On Thursday, Jan. 22, Heidorn was first notified by school officials that they had seen the growing social media chatter about his post. He briefly quit after meeting with HR staff before rescinding his resignation the same day. Heidorn was set to return to school to teach on Monday while the school investigated.
Around the same time, Illinois Democratic state Senator Karina Villa, who was captured on video in September chasing down ICE agents in the street, publicly expressed outrage over the post and said she stands in “unwavering solidarity” with families upset about the “disturbing comments reportedly made by an educator.”
On that Saturday, before an investigation had been concluded, West Chicago Mayor Daniel Bovey took to Facebook and posted a video explaining why Heidorn’s comments were “hurtful” and “offensive” to many in the community.
“The issue is we have trusted adults who are the ones that care for those kids when they can’t be with their mom and their dad,” Bovey said. “So to have someone cavalierly rooting on — as if it’s a football game or something, yeah go — events which have traumatized these children … that is the issue.”
Over the weekend, parents online were encouraging each other to keep their students home from school as a form of protest, and many in the community began criticizing Heidorn.
The city of West Chicago held a “listening session” on Jan. 26 at the request of Bovey, that included a Spanish translator, where a variety of parents and locals expressed concerns about the post, including a woman who said “kids do not feel safe” as a result of the post and another woman who said the post was “cruel.”
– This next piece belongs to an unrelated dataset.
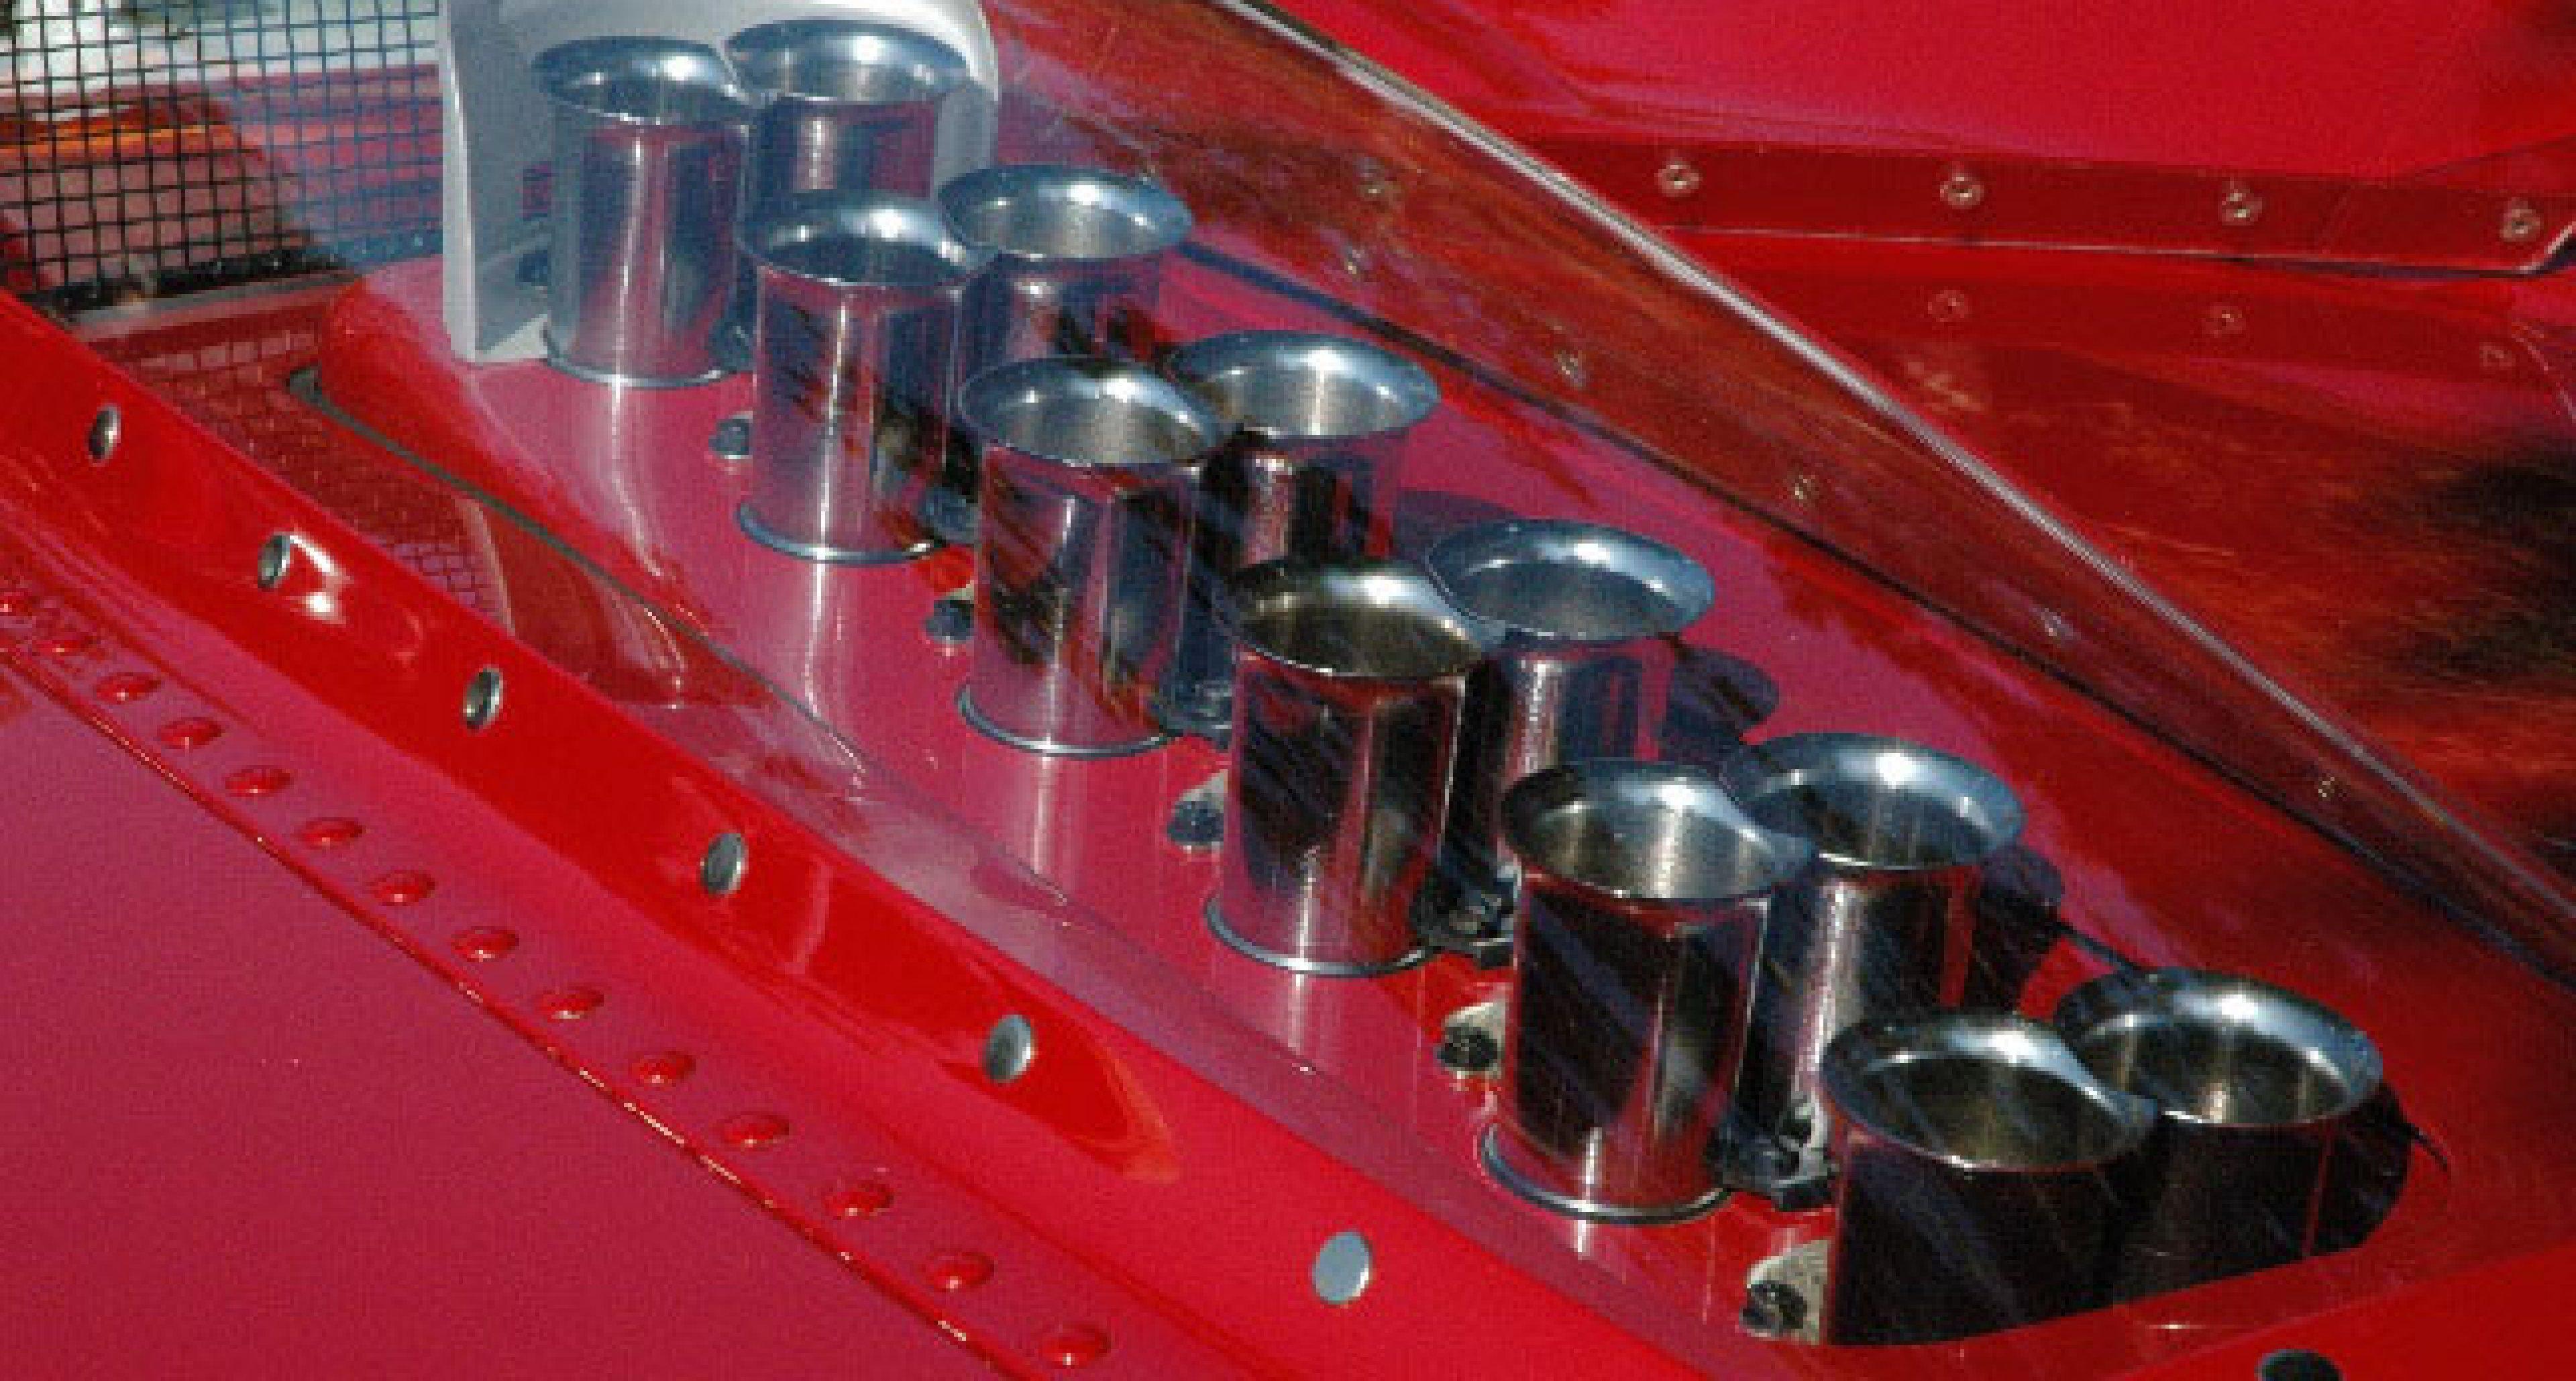 Pasadena Art Center: Legenden des Automobildesigns

“This started with a two-word comment on my personal Facebook page supporting law enforcement—nothing more,” Heidorn said. “It wasn’t directed at any student, family, or school community. Second, I was placed on leave and faced intense pressure before any full investigation or fair process could play out, with this it led to my resignation.”
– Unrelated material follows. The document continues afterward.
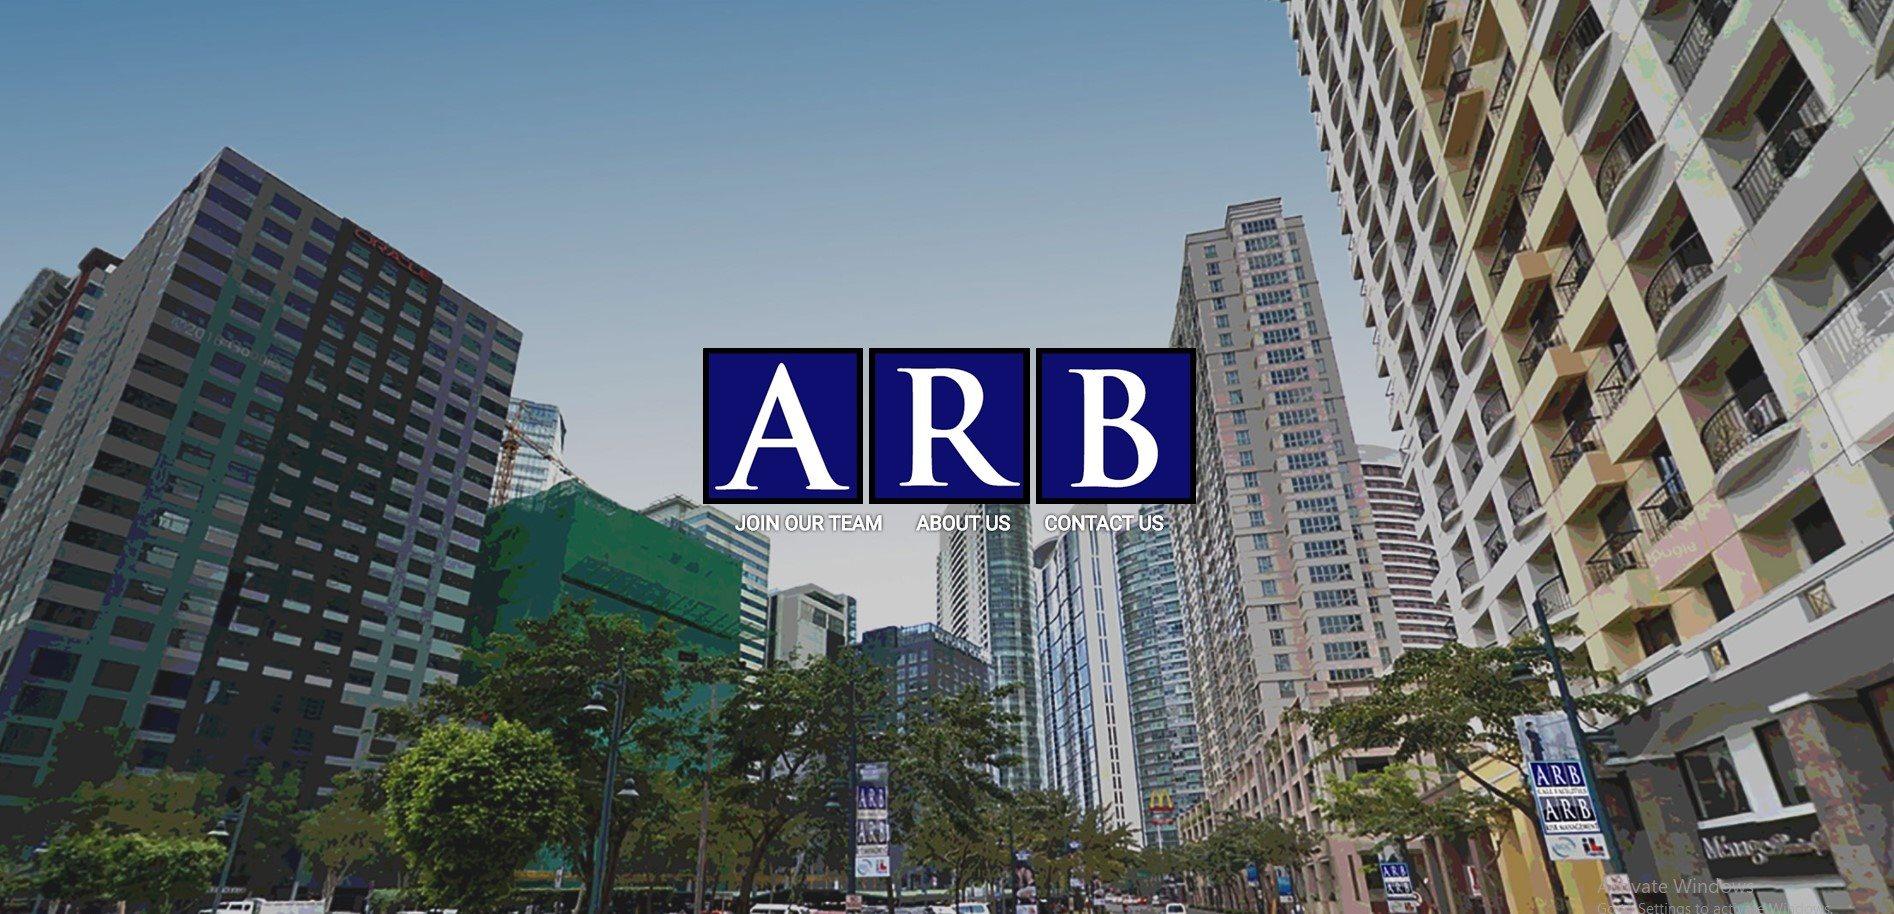 ARB Call Facilities

“Third, I lost my career, my income, and the chance to close out my time with my students properly—no farewell, no goodbyes.”
Ultimately, Heidorn resigned a second time rather than be terminated after a hearing with school officials.
In a statement to Fox News Digital at the time that Heidorn was on leave in January, a West Chicago Elementary School District 33 spokesperson referred to the social media post as “disruptive” and said “we understand that this situation has raised concerns and caused disruption for students, families, and staff.”
Teachers all across the United States have taken to the streets in recent weeks, causing disruptions in favor of far-left causes, including in Chicago where teachers stormed a local target harassing employees, to protest President Trump’s immigration policies without facing pushback or repercussions from local school districts.
TOP TEACHERS UNION UNDER FIRE AS LAWMAKERS PUSH TO STRIP UNION OF UNIQUE FEDERAL CHARTER: ‘LOST THEIR WAY’
Gary Elementary School in West, Chicago (Google Maps)
“Most importantly, this is bigger than me: it’s about whether personal opinions expressed outside of work can cost someone their livelihood without due process,” Heidorn said. “I hope to see free speech matters, even when it’s unpopular.”
“It does feel like a double standard—due to my viewpoint being different from others within the community that I taught in. I feel that we should all be able to coexist with our personal political viewpoints. Fairness should apply equally, regardless of those viewpoints. If personal political speech is grounds for punishment, it should be consistent—not selective based on what side you’re on. I believe in free speech for all, and that’s what I hope comes out of all this.”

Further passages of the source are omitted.